“There is a recipe for disruptive dynamics in markets if policy adjustments have to gather steam in a synchronized way,” said New York-based [Bruce] Kasman, a former official at the Federal Reserve Bank of New York who now oversees economic research at the second-largest U.S. bank by assets. Such a scenario could develop in 12 to 36 months and would “take a toll on risk assets. Bonds get killed,” he said....The trouble is, central banks seem to be behind the inflation curve. (Veteran central-bank watchers won't be surprised.) There's some sign that inflation in mainland China is feeding on itself despite rate hikes by the People's Bank of China. One expert in the symposium said that central banks may let inflation run because of fears of financial instability.
Although he doubts developing countries are losing control of inflation, Jim O’Neill, the London-based chairman of Goldman Sachs Asset Management, says the yield on the 10-year U.S. Treasury note could “quickly” reach 5 percent if global growth is allowed to pick up faster than anticipated, forcing the Fed to start normalizing policy. The interest rate on the benchmark U.S. security was 3.49 percent on March 4....

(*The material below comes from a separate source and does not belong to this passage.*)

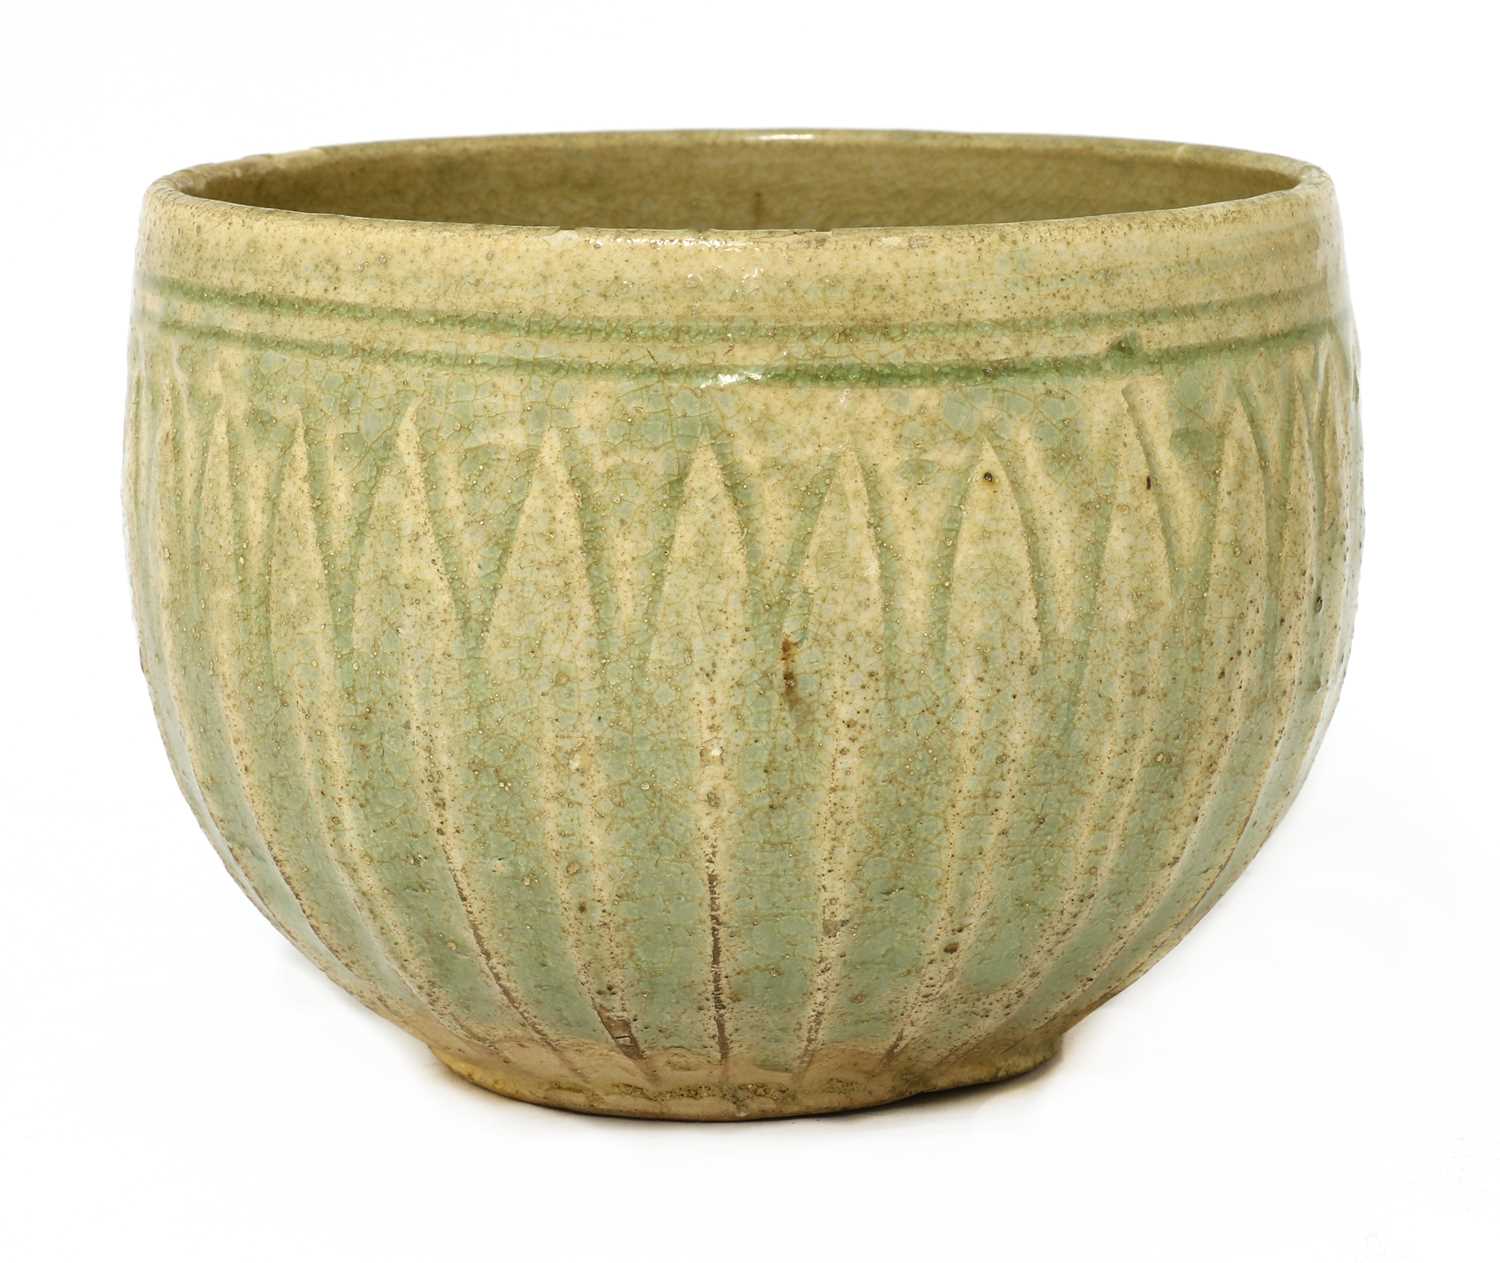 Lot 5 - A Chinese celadon-glazed bowl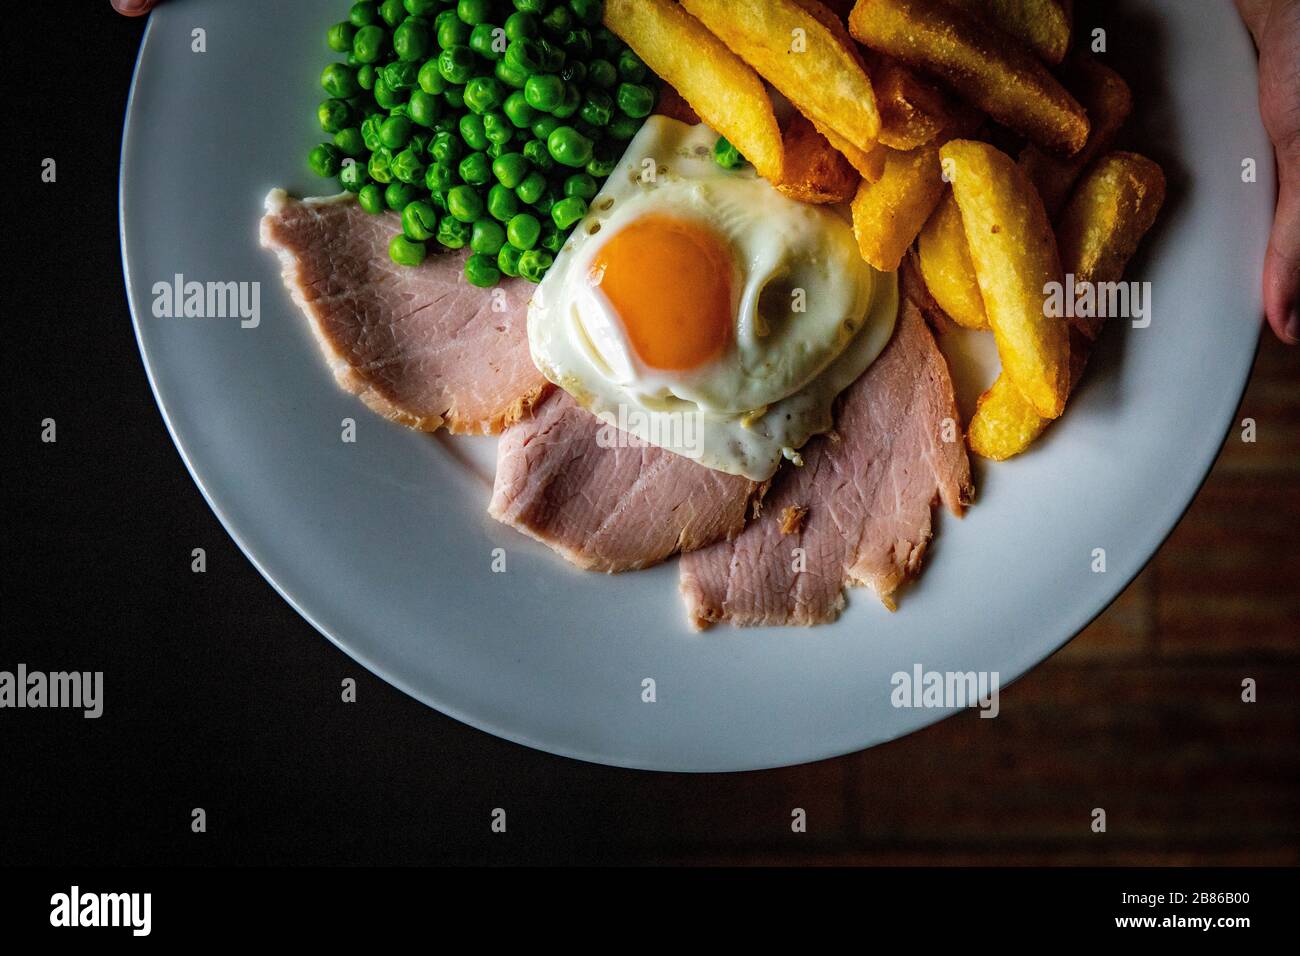 Ham egg & chips, a British classic. Stock Photo

“The biggest thing I worry about is a major sell-off in bonds like 1994,” said O’Neill, who helps to manage about $840 billion. “The ideal situation is the developed world comes back as the developing world slows, but what could happen is as the U.S. and others strengthen, they give the developing world another growth kick.”
As the fears engendered by '08 fade, it does look like the central banks have done it again - although they had help from too-optimistic sovereign debt markets. Real rates on global bonds are at about zero, providing further fuel for gold's climb.